Feeding time has proven particularly interesting with four goats – normally Fiona and Buttercup don’t eat a ton of the orchard grass I put in their feeder, but once they realized Sam and Jack loved it, all four embarked in a straight up eating contest. Fiona had so much orchard grass crammed in her mouth she couldn’t even chew it, and Jack buried his head in the feeder so no one else could get any. Fiona finally got sick of Jack both figuratively and literally hogging the feeder, so she head-butted him halfway across the pen. I can’t tell you how many times I’ve been tempted to do that while in line at a buffet so seeing it actually happen was rather gratifying.

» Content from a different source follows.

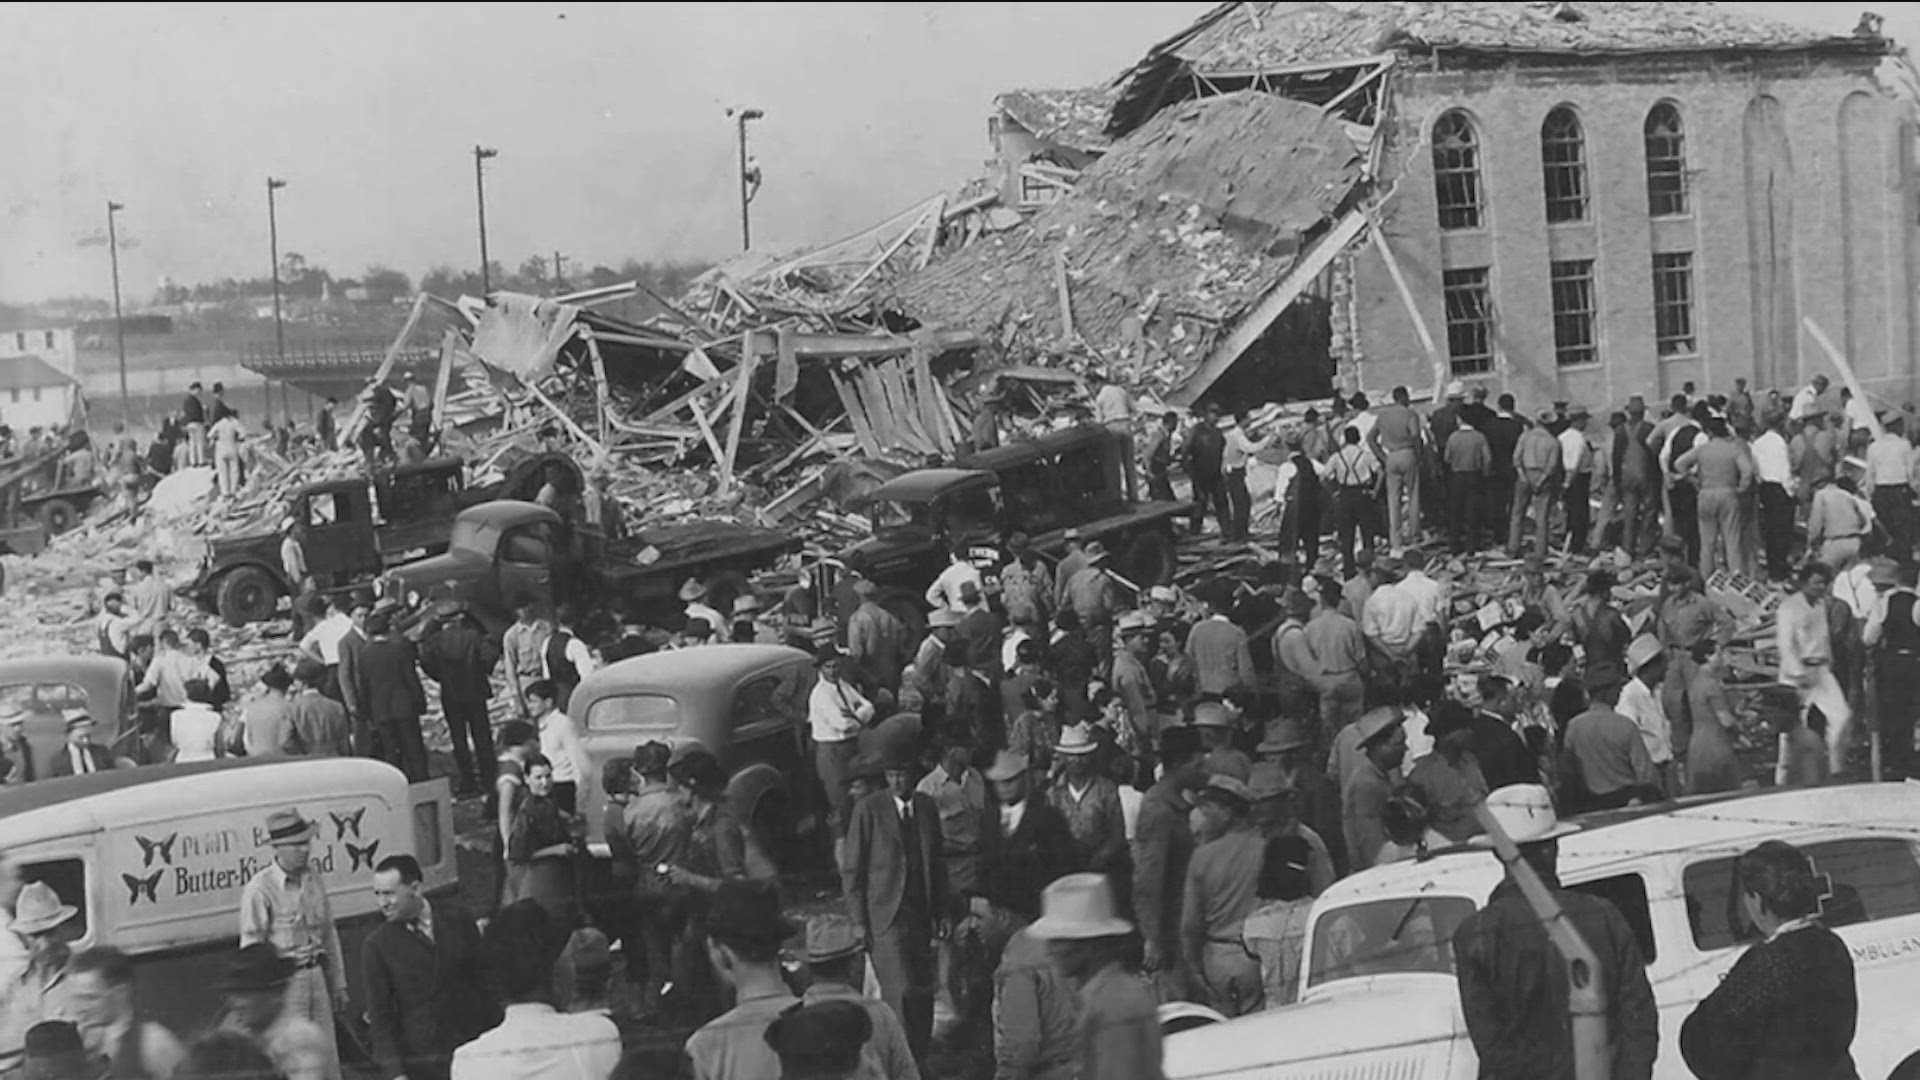 A gas explosion ripped through the school in New London, killing nearly 300 children and their teachers.
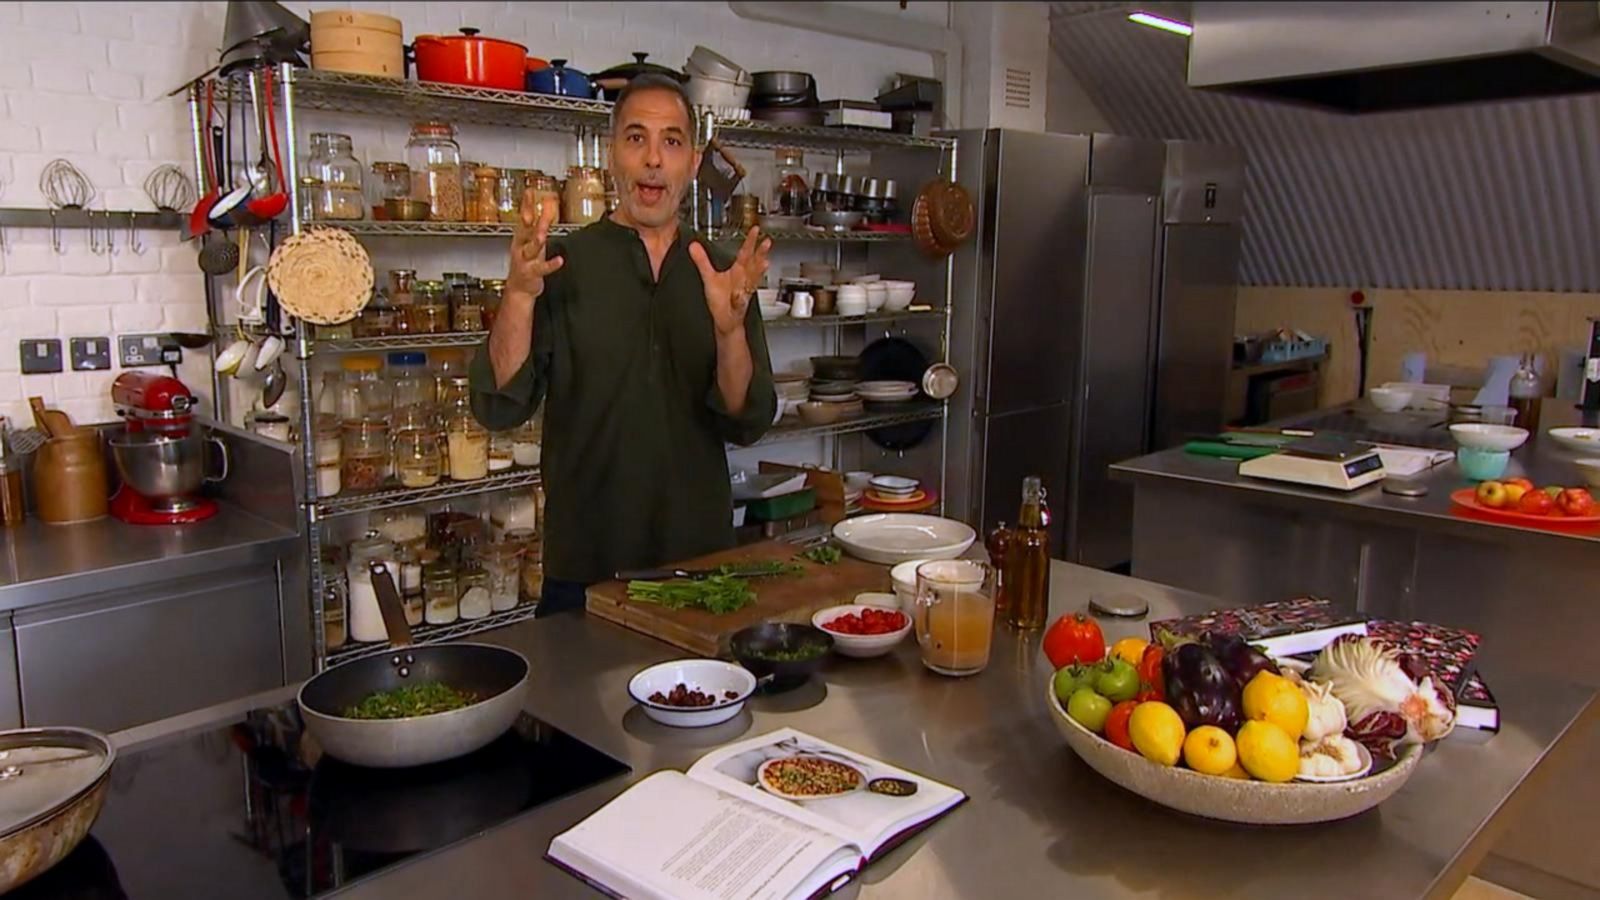 Chef Yotam Ottolenghi shares 2 flavorful recipes for classic pasta

|Thanksgiving, contemplating dark thoughts|
Against all odds, Thanksgiving is still alive and well. He’s actually lost a bit of weight so he can get around a little better, but anyone looking at him still exclaim, “Wow, that’s a lot of turkey!” He has absolutely perfected the art of mean mugging, and he doesn’t always want to come out of his pen, particularly if it’s raining or muddy outside. Today was one of those days where he was perfectly content to keep his food bowl company, but unfortunately for me his water dispenser was empty. Changing out the water dispenser is tricky, even when Thanksgiving hasn’t plunked his fat butt in front of it. It weighs about thirty pounds full, and since I’m still one-handed, opening and filling it is enough of a challenge without also having to navigate it around fifty pounds of grumpy turkey. Like any other predator, he can smell my fear, and he never fails to slowly sidle over to block the doorway when my back is turned and my attention is occupied with the dispenser. So when I turn around, I realize I’m forced to gingerly step over him to get out of the pen, all the while internally chanting, “please don’t take out a knee cap with your ginormous beak” over and over again. Getting the water dispenser back inside the pen is a similar ordeal, only what I’m carrying is heavier. It’s only a matter of time before I start having nightmares about waking up and seeing him perched at the foot of the bed.